Simulation of priming biases loosely based on a nearest-neighbor thermodynamic model.
Exact simulation of PCR amplification on the level of individual fragments (consistent across expression levels, no approximations).
Fragment-specific amplification efficiencies determined by GC-content and length.
Possibility to simulate PCR and sampling pseudo-replicates.
Simulation of size selection and polyadenylation with flexible target distributions.
Estimation of GC-dependent amplification efficiencies from real data, relying on assumptions about locality of biases and the mean efficiency of the fragment pool.
Estimation of relative expression levels.
Estimation of empirical fragment size distribution, model selection between normal vs. skew normal distributions.
Able to simulate experiments on the human transcriptome over a wide range of expression levels on a desktop machine.

Basic examples

The following basic examples can be run from the src/ directory in the package source tree:

Re-sample expression levels from a mixture of gamma distributions with two components with mean 5,000 and 10,000:

        $ ../tools/sel -d "0.5:g:(5000, 0.1) + 0.5:g:(10000, 100)" \
        test/basic/test_transcripts.fas > my_transcripts.fas

The output my\_transcripts.fas is a Fasta file annotated with the
expression levels:

        >ENST00000371588$9430
        GCTTCCGGCATCTGGCTCAGTTCCGCCATGGCCTCCTTGGAAGTCAGTCGTAGTCCTCGCAGGTCTCGGCGGGAGCTG ...
        ...

Simulate 10,000 fragments with default parameters, plot rlsim report:

        $ ./rlsim -n 10000 my_transcripts.fas > frags.fas
        $ ../tools/plot_rlsim_report

The output file frags.fas contains the simulated fragments:

        >Frag_0 ENST00000374005 (Strand - Offset 1883 -- 2298)
        AGAGAATAGAGGGTAGAAGGGAAATTCTTGGCACCTGGACTAGAGTGAGATAAAAGGAGAGTAGGAAAGCAGTGA ...
        ...

Simulate paired-end sequencing using simNGS and the runfile shipped with the package source:

        $ cat frags.fas | simNGS -p paired -o fastq -O reads test/cov/s_4_0066.runfile

The files `reads_end1.fq` and `reads_end1.fq` contain the simulated
paired-end reads:

        @Frag_24929 refB (Strand - Offset 11583 -- 12067) 151M
        GCCCCGAGTAGTTCTGGGCGGGGCCCCCGCGGCCAGCGCCGCCCACTATATATTATTTATTCTAACTATT ...
        +
        GGGEFG(EGFGGDGBFEGGG;FD7GEGGDGGA=GGGDG7FFGGGGGFGCAGGGGGFF?GGGFG@GGAGGG ...
        ...

Simulate 500,000 fragments, skew normal fragment size distribution with a spike, after_prim_double fragmentation method, 15 PCR cycles with the specified efficiency parameters, using 4 cores, verbose mode:

        $ ./rlsim -n 50000 -d "0.9:sn:(600,50,4,300,2000) + 0.1:n:(700,1,600,2000)" \
        -f after_prim_double -c 15 -eg "(1.0,0.5,0.8)" -el "(0.1,0.7,1.0)" \
        -t 4 -v my_transcripts.fas > frags.fas
        $ ../tools/plot_rlsim_report

Estimate parameters from SAM file sorted by read name using (verbose mode):

        $ ../tools/effest -v -f ../tools/test/ref.fas ../tools/test/aln1.sam

Estimate parameters from SAM file sorted by read name using – assume 15 PCR cycles and a pool efficiency of 0.9:

        $ ../tools/effest -v -c 15 -m 0.9 -f ../tools/test/ref.fas ../tools/test/aln1.sam

Simulate 20,000 fragments using the raw parameters estimated by effest, set minimum GC-dependent efficiency to 0.5 (verbose mode):

        $ ./rlsim -v -n 20000 -j raw_params.json -jm 0.5 my_transcripts.fas > frags.fas
        $ ../tools/plot_rlsim_report

Getting more help

Please consult the package documentation for more help on the tools and the technical background.

The BioStar Q&A forum (http://www.biostars.org) is an excellent place to get additional help.
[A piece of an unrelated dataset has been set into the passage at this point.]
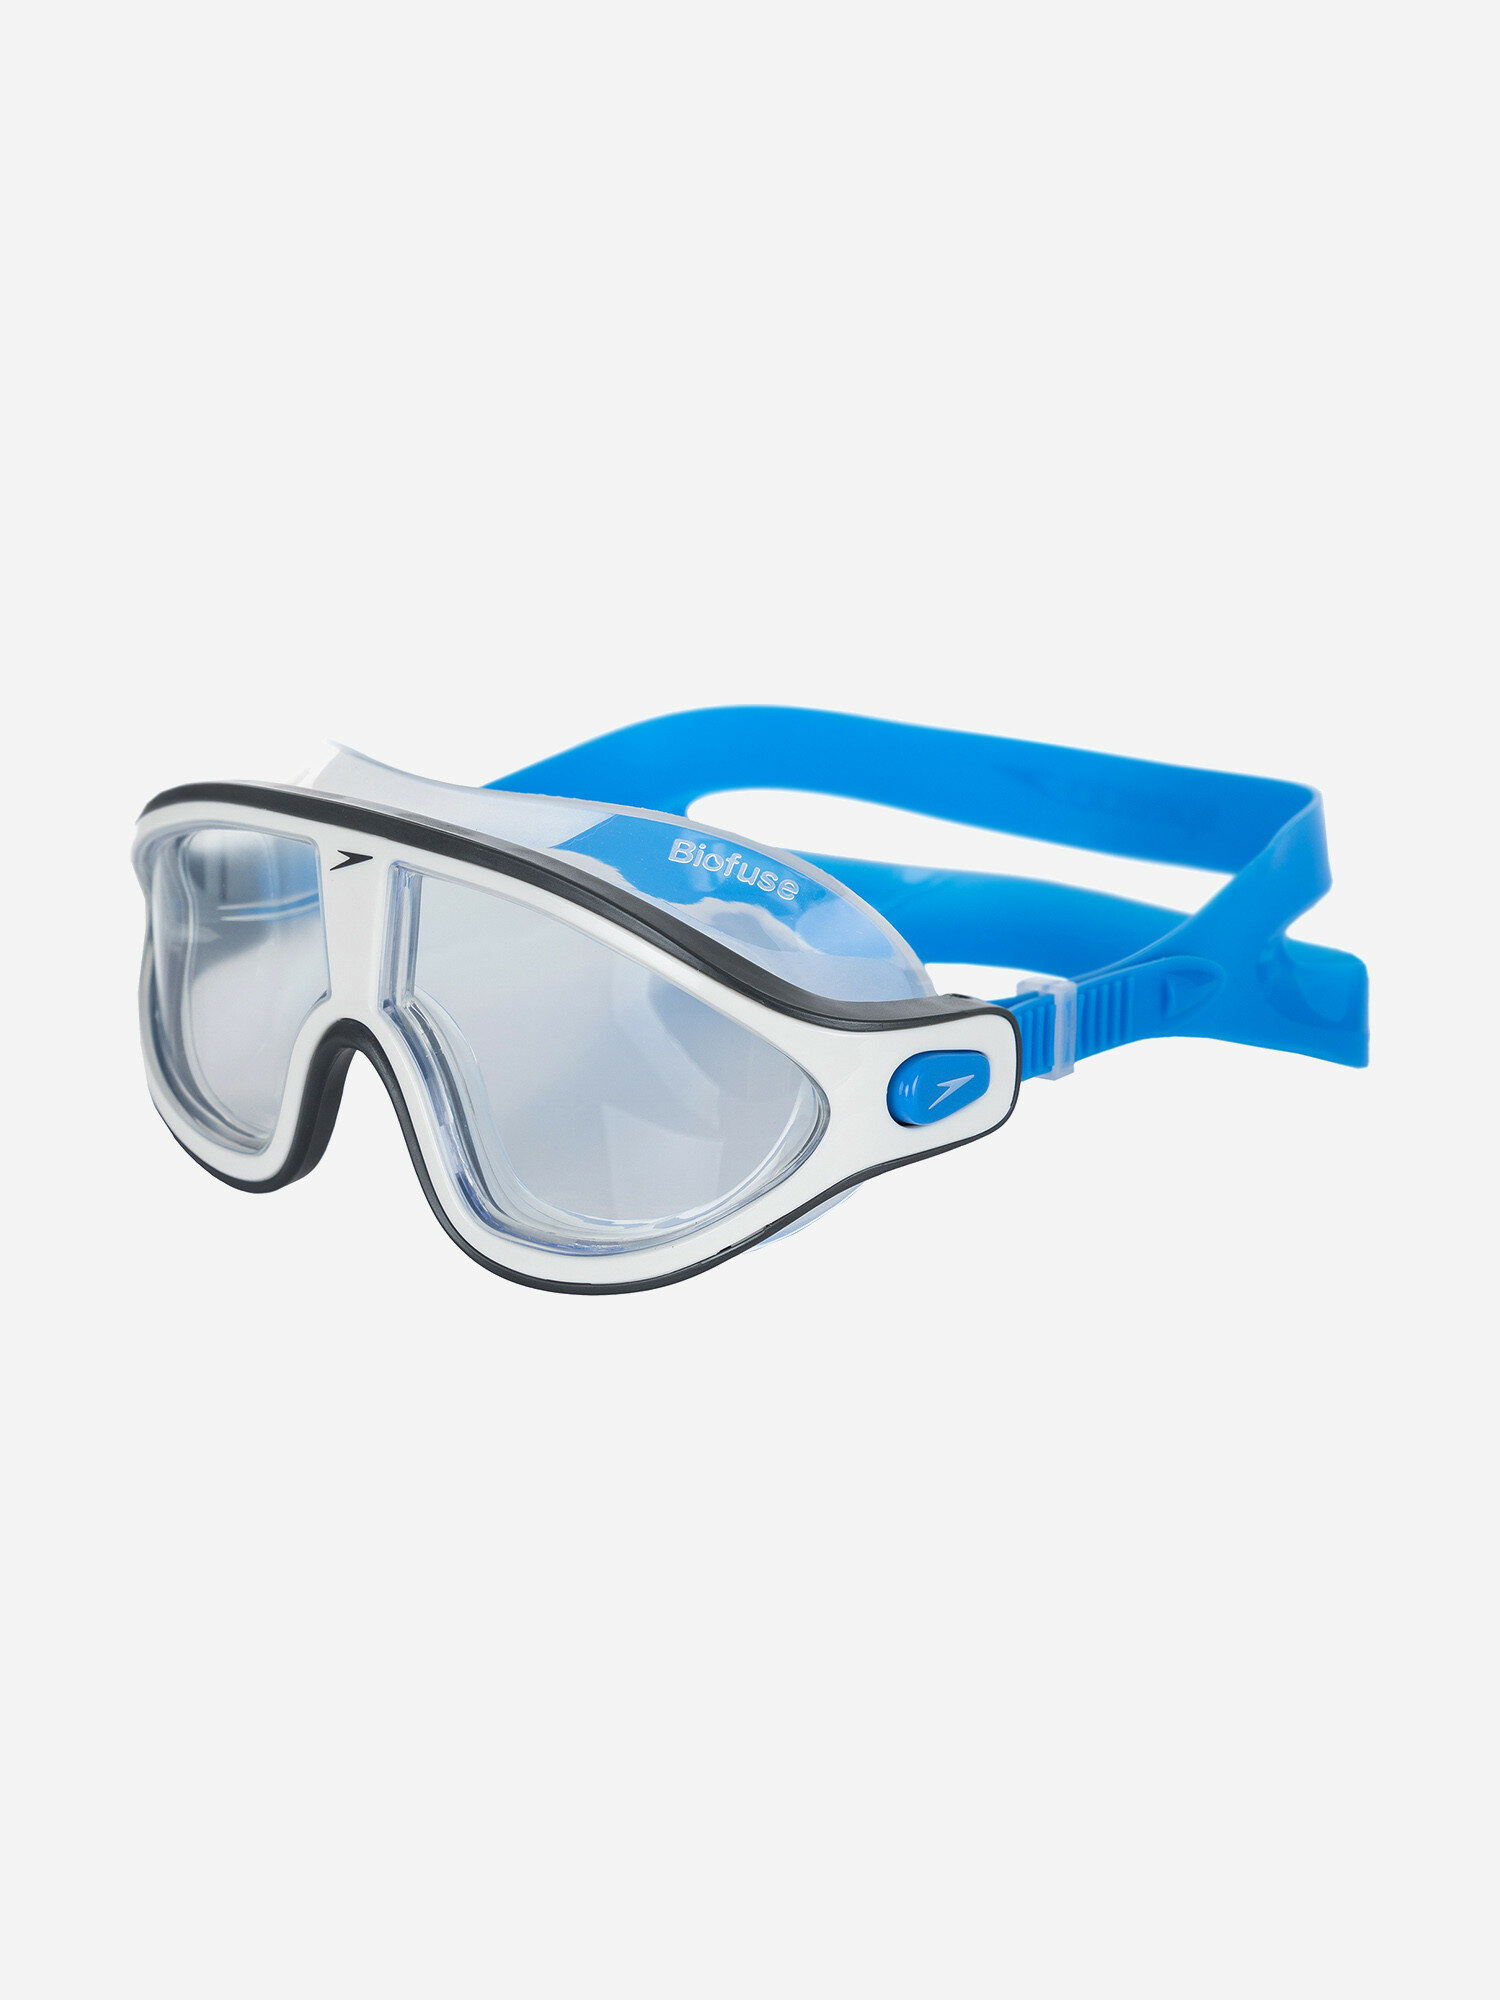 Очки-маска для плавания Speedo Biofuse Rift, прозрачно-голубой

The author of the package will monitor the posts having the rlsim tag.

Dependencies

The package runs on 64-bit GNU/Linux operating systems. The rlsim tool is written in golang and shipped as a statically linked executable for the amd64 Linux platforms, hence it has no dependencies.

The rlsim tool can be built for other architectures supported by the compiler, however only the amd64 architecture is supported and the 32-bit binaries might not work properly.

The parameter estimation tool (effest) and the additional tools are written in Python 2.x and depend on a couple of packages:

numpy >= 1.6.2
matplotlib >= 1.1.0
scipy >= 0.10.1
biopython >= 1.60
A modified version of the HTSeq package available from the GitHub repository under https://github.com/sbotond/rlsim/tree/master/misc.

The official releases of the HTSeq package contain a bug causing segmenation fault when parsing certain paired-end datasets. Please use the modified version from the rlsim repository!

These packages (with the exception of the modified HTSeq) are readily installable from the Python Package Index using the pip tool by issuing the following command:

    pip install numpy matplotlib scipy biopython

The additional tool tools depend on samtools samtools. Simulating Illumina sequencing of the fragments can be done by using the simNGS package (recommended) or any other sequencing simulator.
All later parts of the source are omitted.